WHAT TO PRODUCE: Because the pictures are not wanted, reproduce the rest of the records below exactly as they stand.
(SUPPLIED DATA)
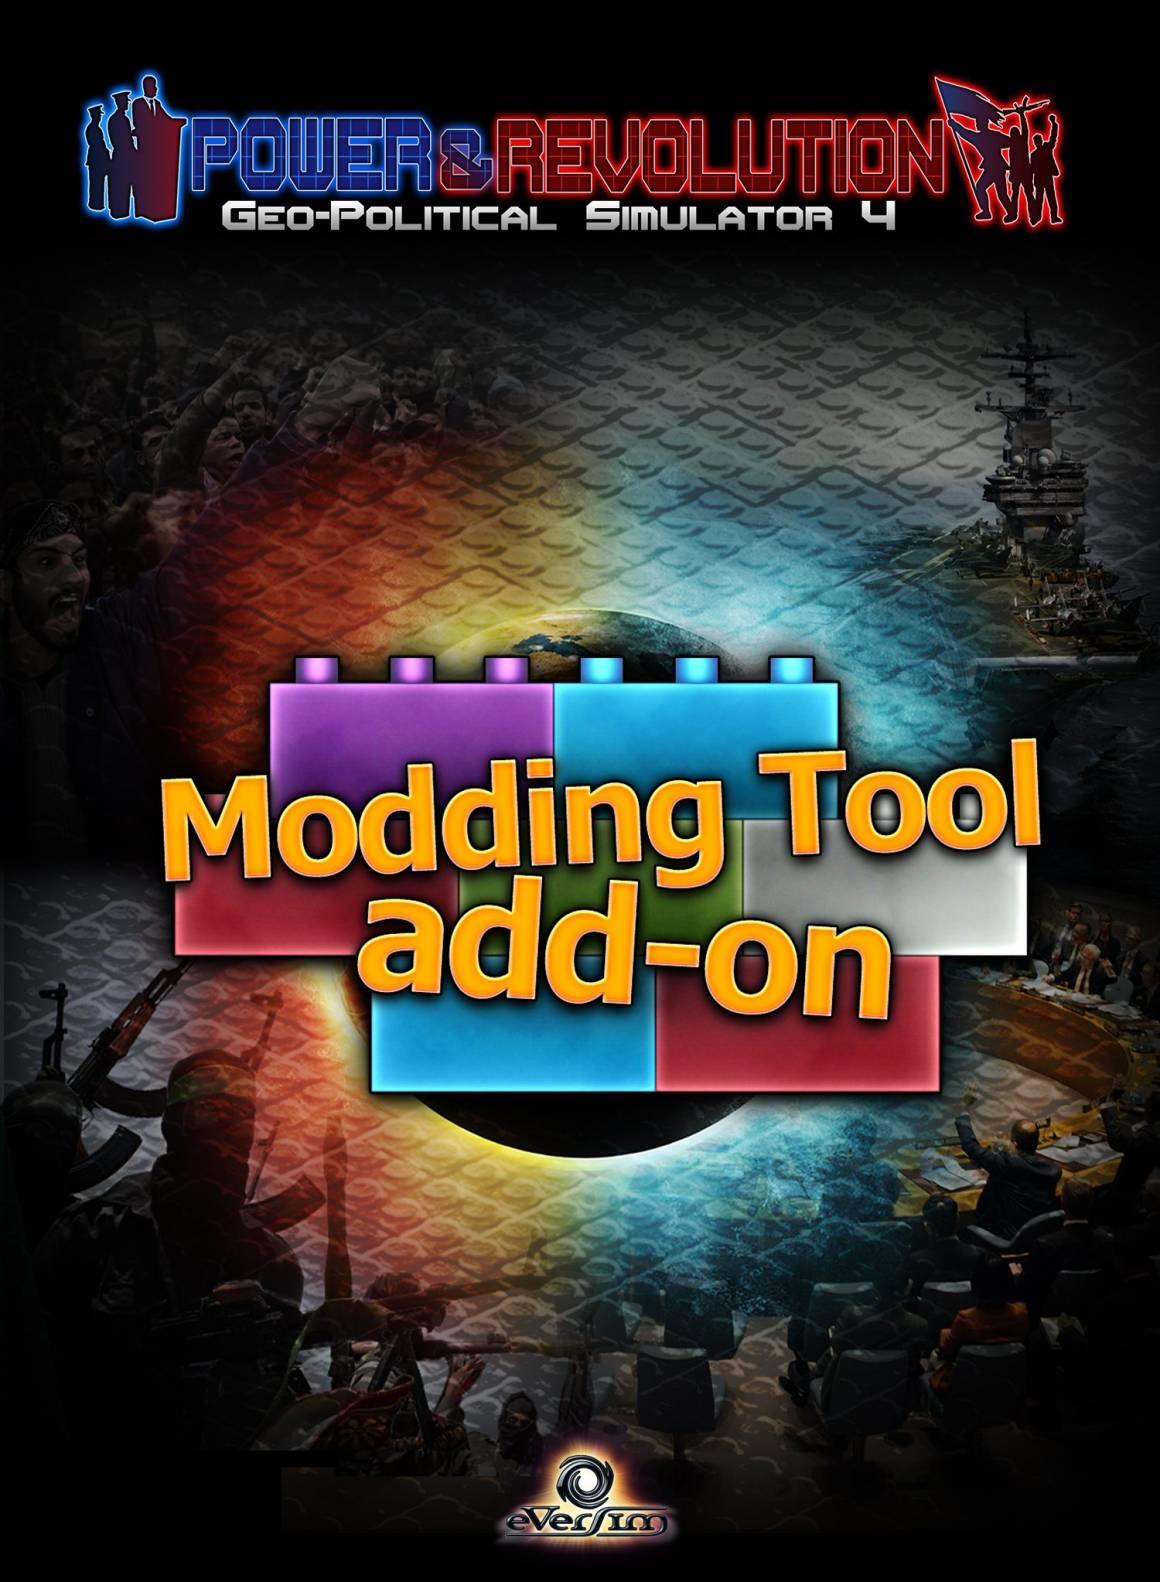 Modding Tool box illustration 1160x1582 - Disponibile l'add-on Modding Tool di Power & Revolution
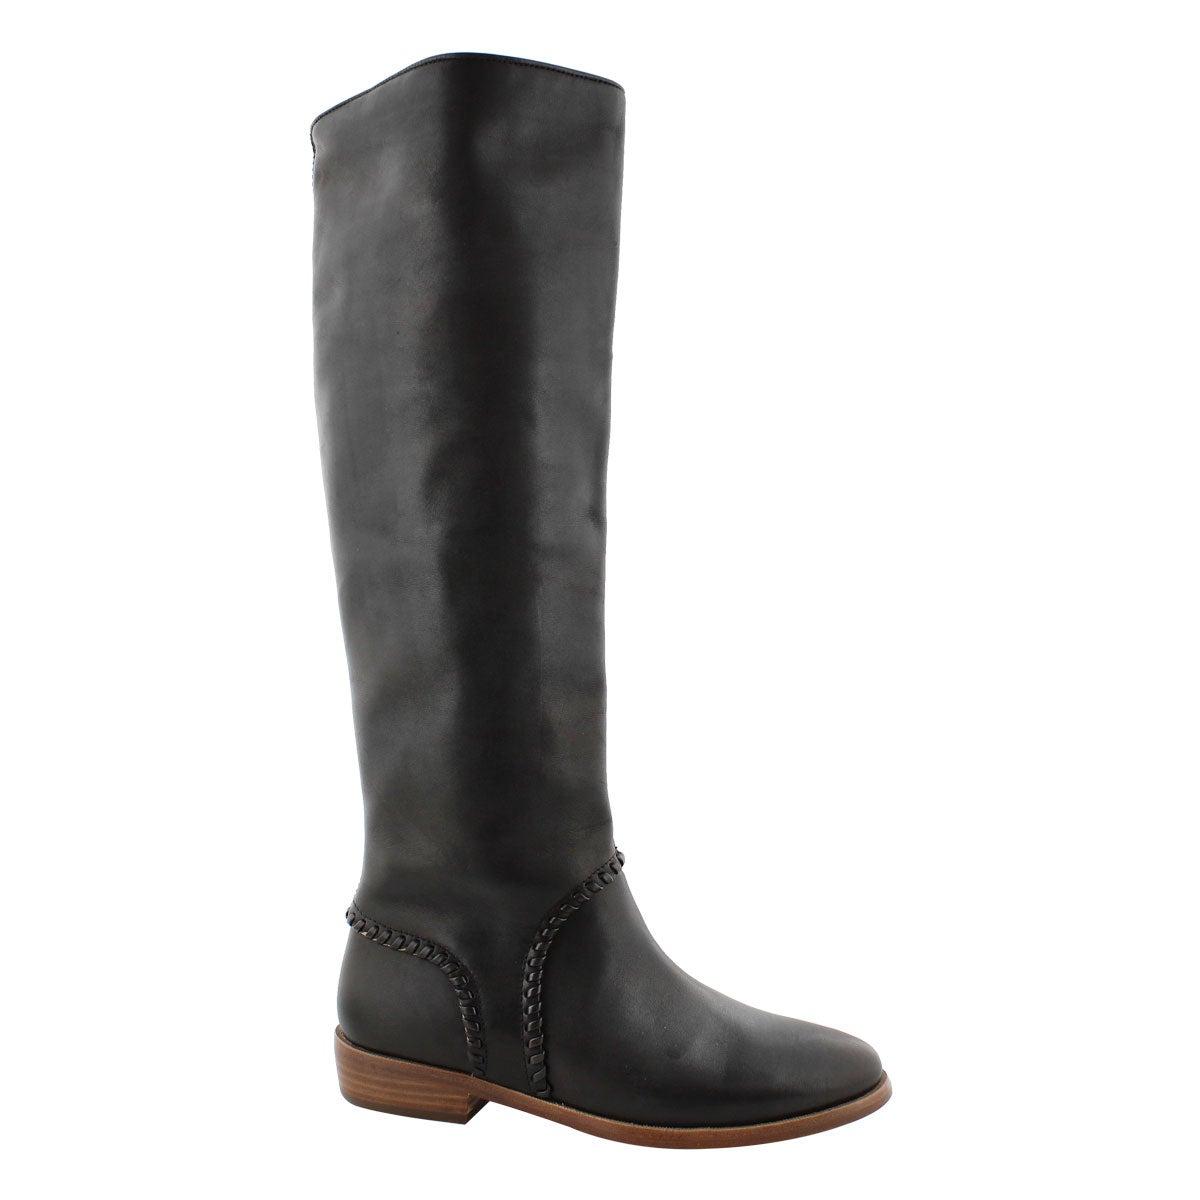 Lds Gracen Whipstitch black rain boot
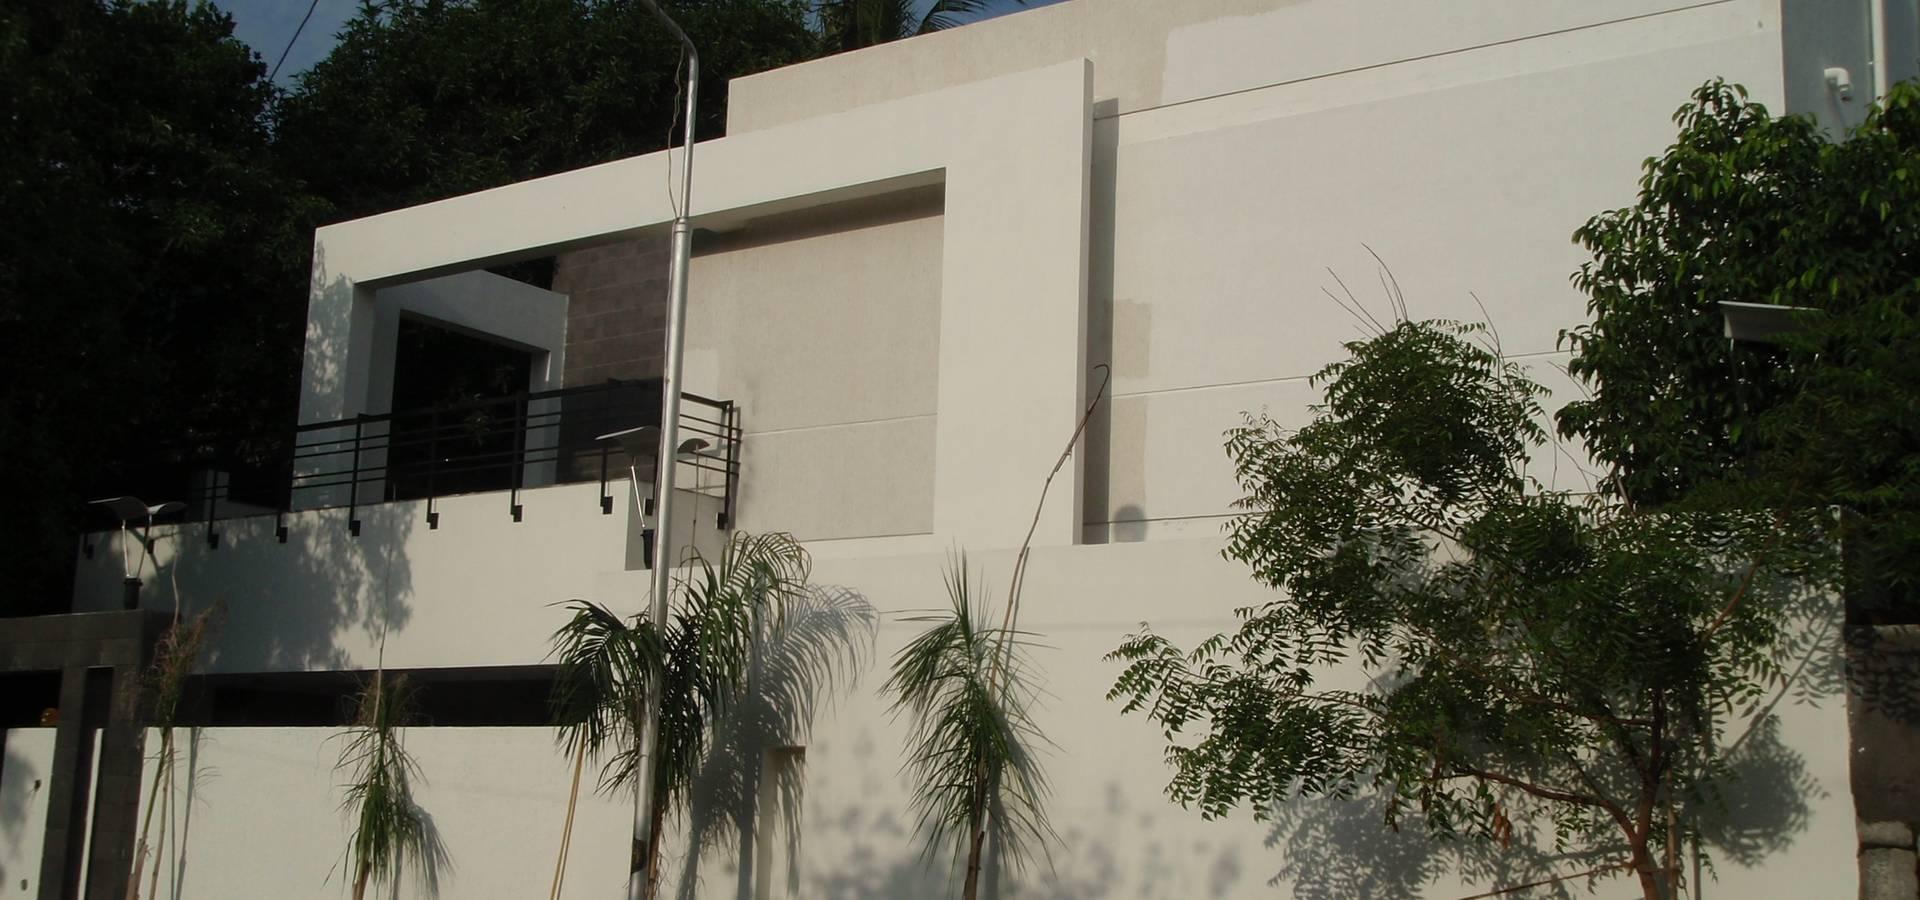 sahanas creations architects
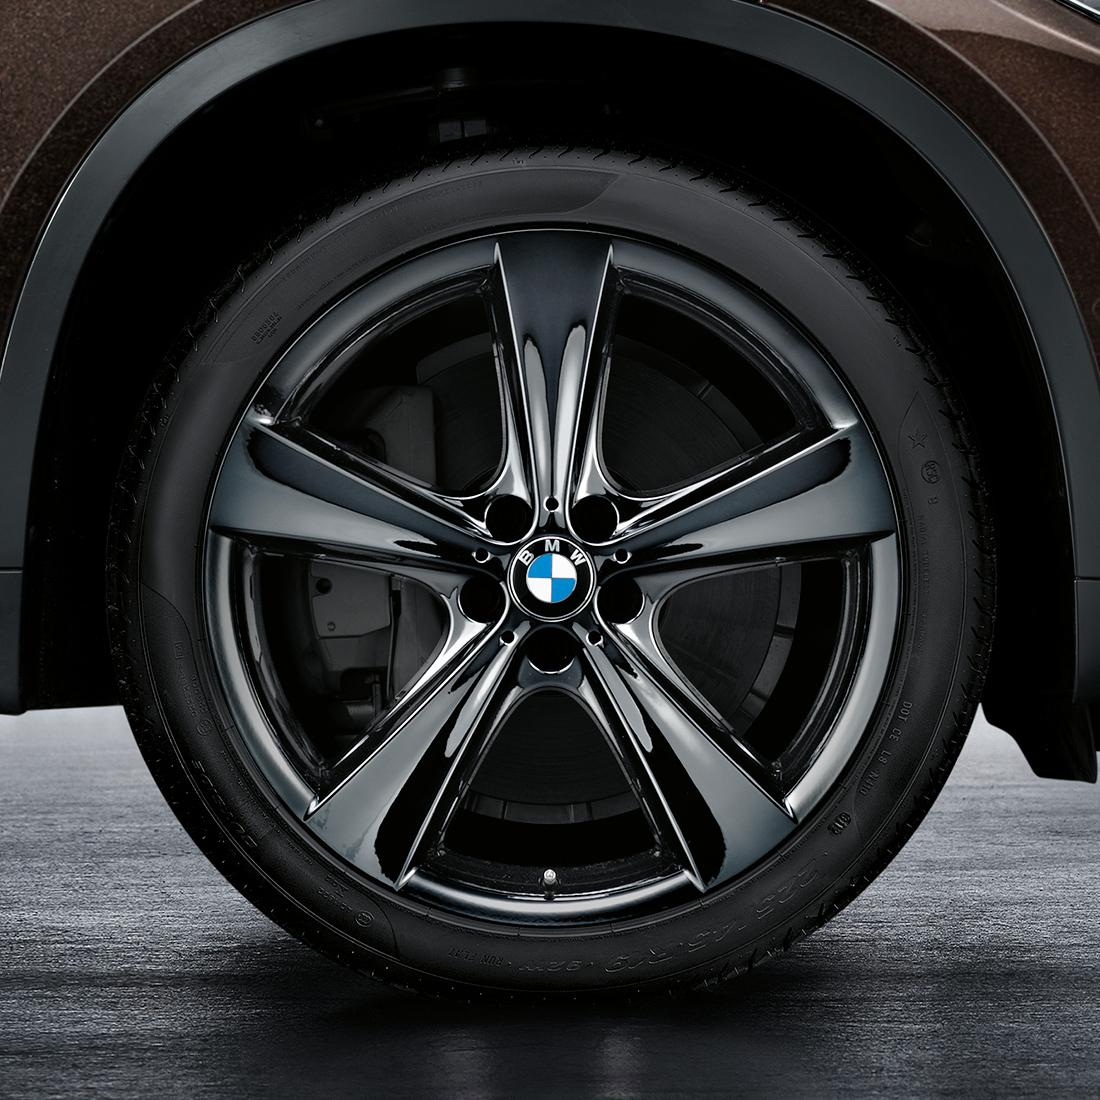 BMW Star Spoke 128 Liquid Black Complete Wheel and Tire Set
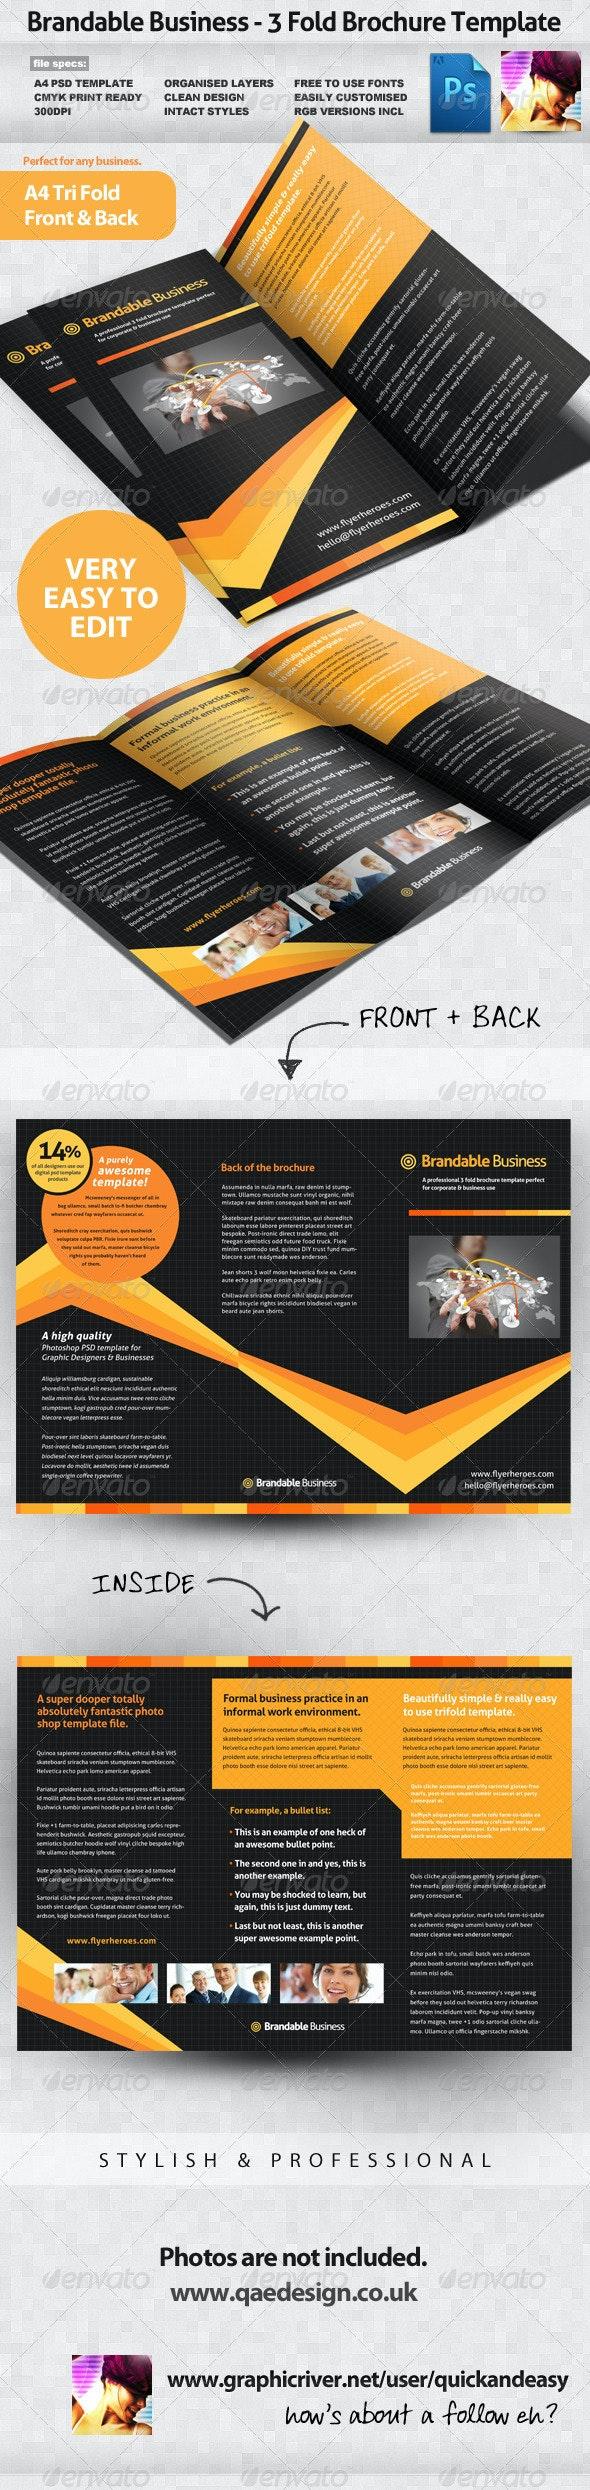 Brandable Business 3 Fold Brochure Template - Corporate Brochures
(End SUPPLIED DATA)
SOLUTION:
 Modding Tool box illustration 1160x1582 - Disponibile l'add-on Modding Tool di Power & Revolution
 Lds Gracen Whipstitch black rain boot
 sahanas creations architects
 BMW Star Spoke 128 Liquid Black Complete Wheel and Tire Set
 Brandable Business 3 Fold Brochure Template - Corporate Brochures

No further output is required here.